Pre-perimenopause, I believed I would sail through the process like a sailboat on a lake.


So when I found myself being sucked into a vortex of emotional turbulence, darkness, isolation and unexplained grief, I did not attribute it to anything to do with my life actually changing,

I just thought that all the situations and circumstances in my life were conspiring against me.


In white Western culture, we have been socialised to downplay the significant transitions a woman goes through during her perimenopausal menopausal phase.

Even the language available to describe what we are going through is significantly void of any real description or sensitivity to the process we are going through.


Women are shamed into talking about the experience at any level other than hot flushes, night sweats and a giggle about a piddle when we laugh.


But the truth is, the transition from our second age - the Mother phase in archetypal language, into our third age, the age of the Crone, is a most significant and final Rite Of Passage.


Seeing our transition as a Rite Of Passage means that we are reframing the experience to embrace the journey.


It allows us to find acceptance and open up to the process.


Rites Of Passage acknowledge the period of time when we shift from one group to another.


In broad terms, in our Midlife rite of Passage we are separating from one age bracket to another.


Western culture may discuss Rites of Passage, but in truth, it misses the important structure and function of true Rites of Passage.


A Rite of Passage is the process of being called away from something familiar to something unfamiliar and unknown.

It's like leaving the bank of the river to swim to another shore.

We go through uncertainty and resistance. The mid-current fear.

We feel the desire to turn back and the internal conflict to stay and weather the storm.

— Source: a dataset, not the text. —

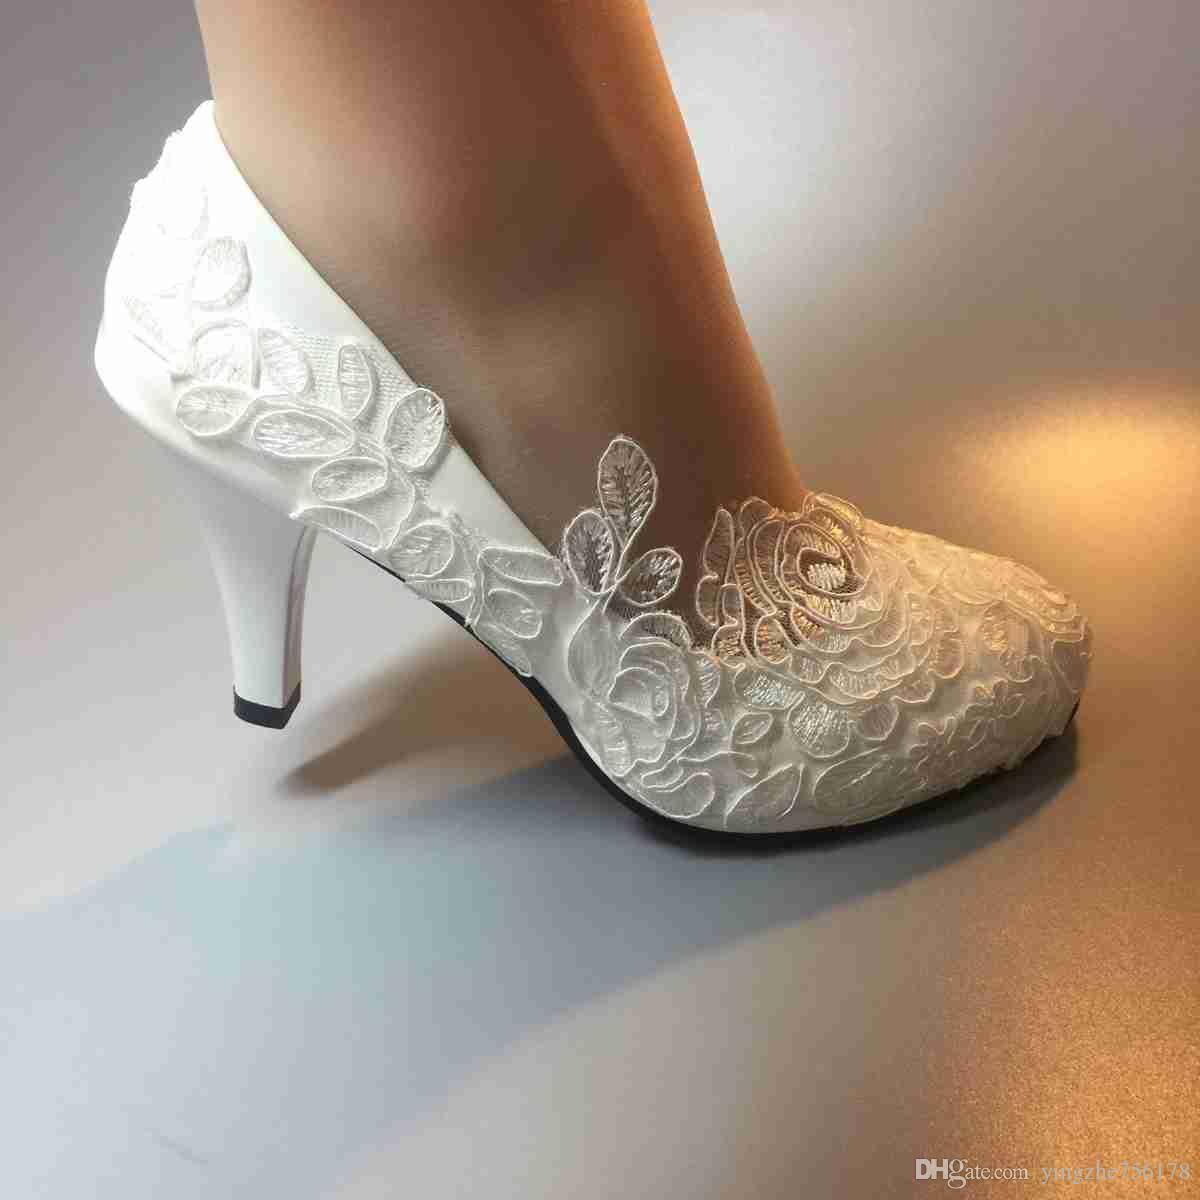 Mariage Ruban Acheter De Main Mode Chaussures Talon Blanc Femmes Qsrdht
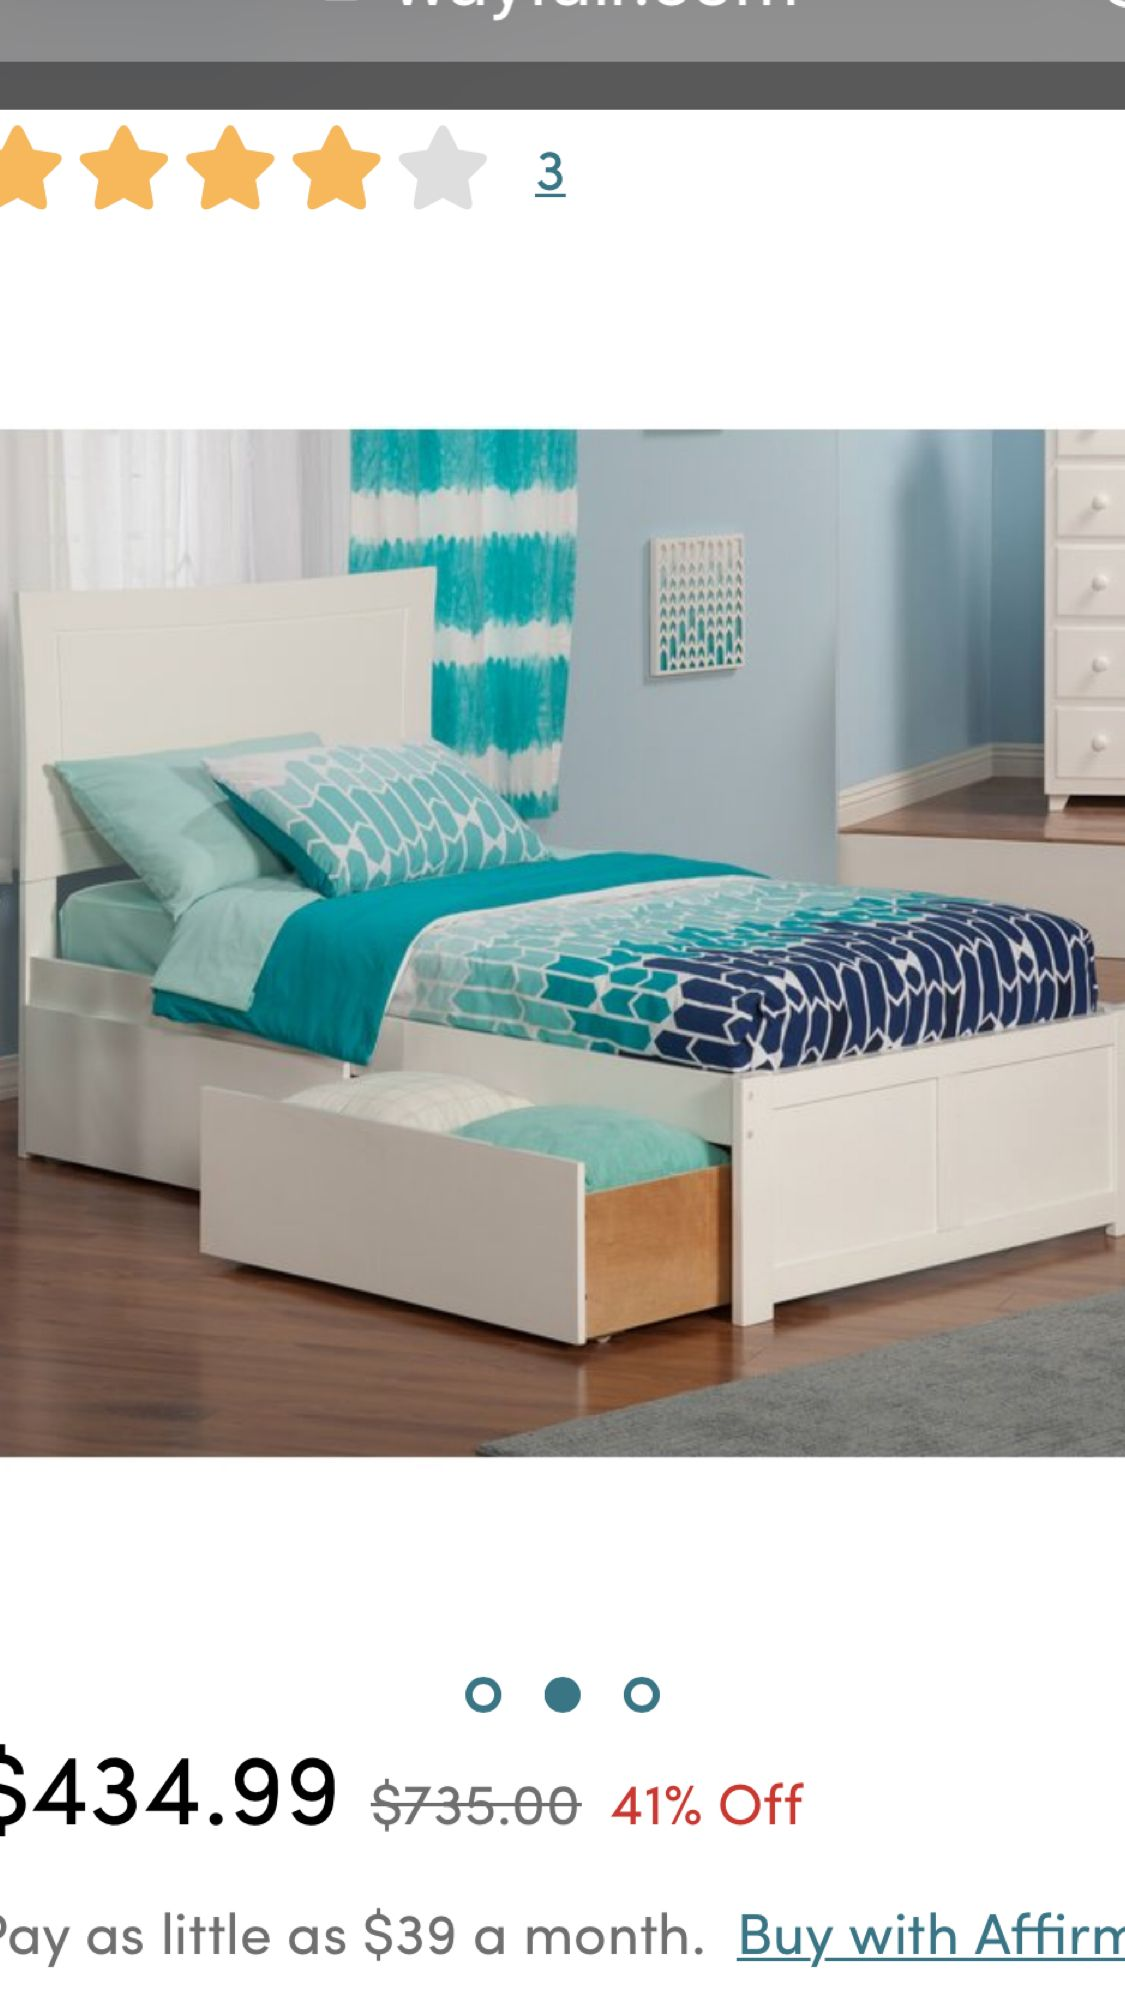 Wayfair twin xl bed with storage  Mattress bedroom, Twin xl

When we stay and weather the storm, we are in the realisation, this is the initiation.

This is where we do our work; this is where we transform.

I feel very strongly that as we get older, we are here to honour the process our life gives us to live.


Take a moment to think. Whatever situation is presenting to you right now, what can you see if you look at it through the lens of your Rite Of Passage, the lens of initiation?


The very thing you are facing will be the very thing you need to see.